Abstract

The article focuses on two Dutch doctors – the Boate brothers, Arnold (1606-1653) and Gerard (1604-1650) – medical graduates of Leiden University who moved to London in 1630 to work as practising physicians. The brothers contributed to diverse forms of knowledge as part of the new science, including agriculture, anatomy, entomology, geography, industrial history, medicine, metallurgy, mineralogy and theology, but are known primarily for Gerard’s posthumously published ground-breaking book, Irelands Naturall History (1652) for which Arnold did the spadework. The Boates collaborated on some of the most important intellectual enterprises of the seventeenth century, and worked alongside the leading intellectuals of the period, including innovative Irish thinkers James Ussher and Robert Boyle, and Samuel Hartlib, mainspring of a major knowledge network. The Boates’ activities in Leiden, London, Dublin and Paris furnish a prototype for interdisciplinary engagement.
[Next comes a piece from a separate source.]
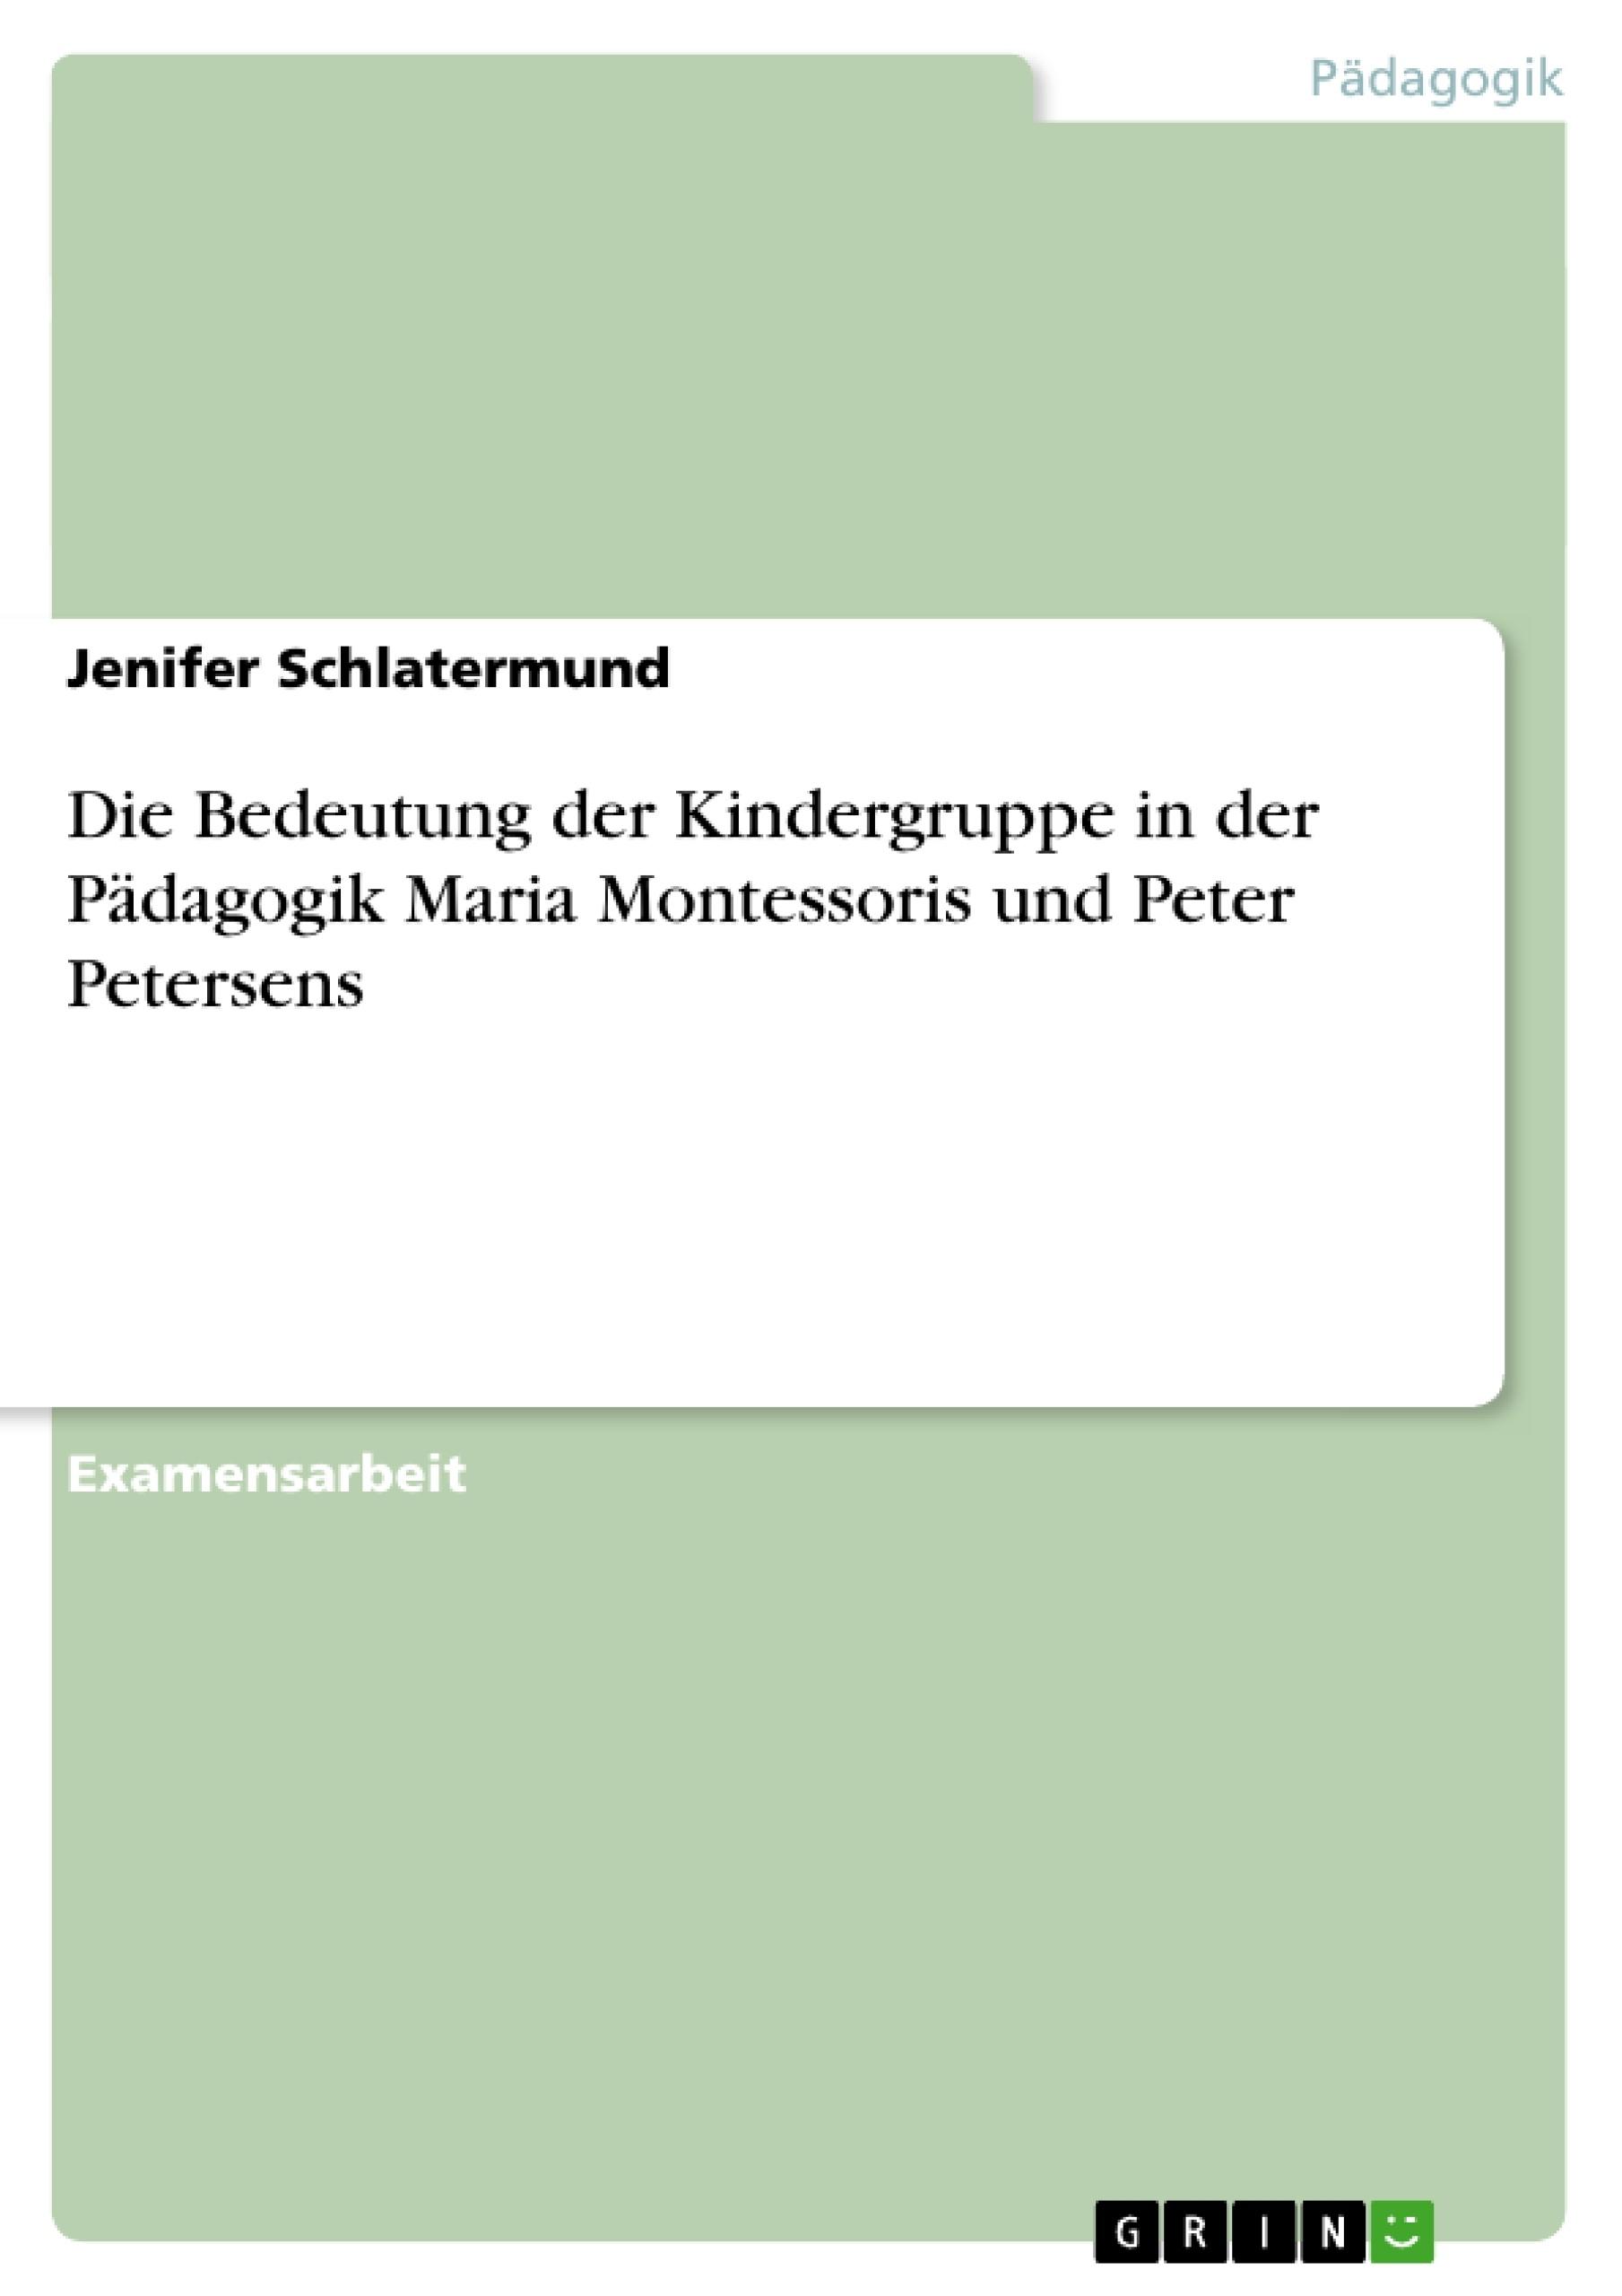 Titel: Die Bedeutung der Kindergruppe in der Pädagogik Maria Montessoris und Peter Petersens

The brothers were key members of multiple interlocking extra-institutional groupings. Active as part of a Baconian Office of Address and engaged both in the Hartlib Circle and the more shadowy Invisible College, they laboured in the seedbed of what would later become the Royal Society and the Dublin Philosophical Society. Irelands Naturall History is a model of the regional history that Francis Bacon saw as a vital branch of cosmography.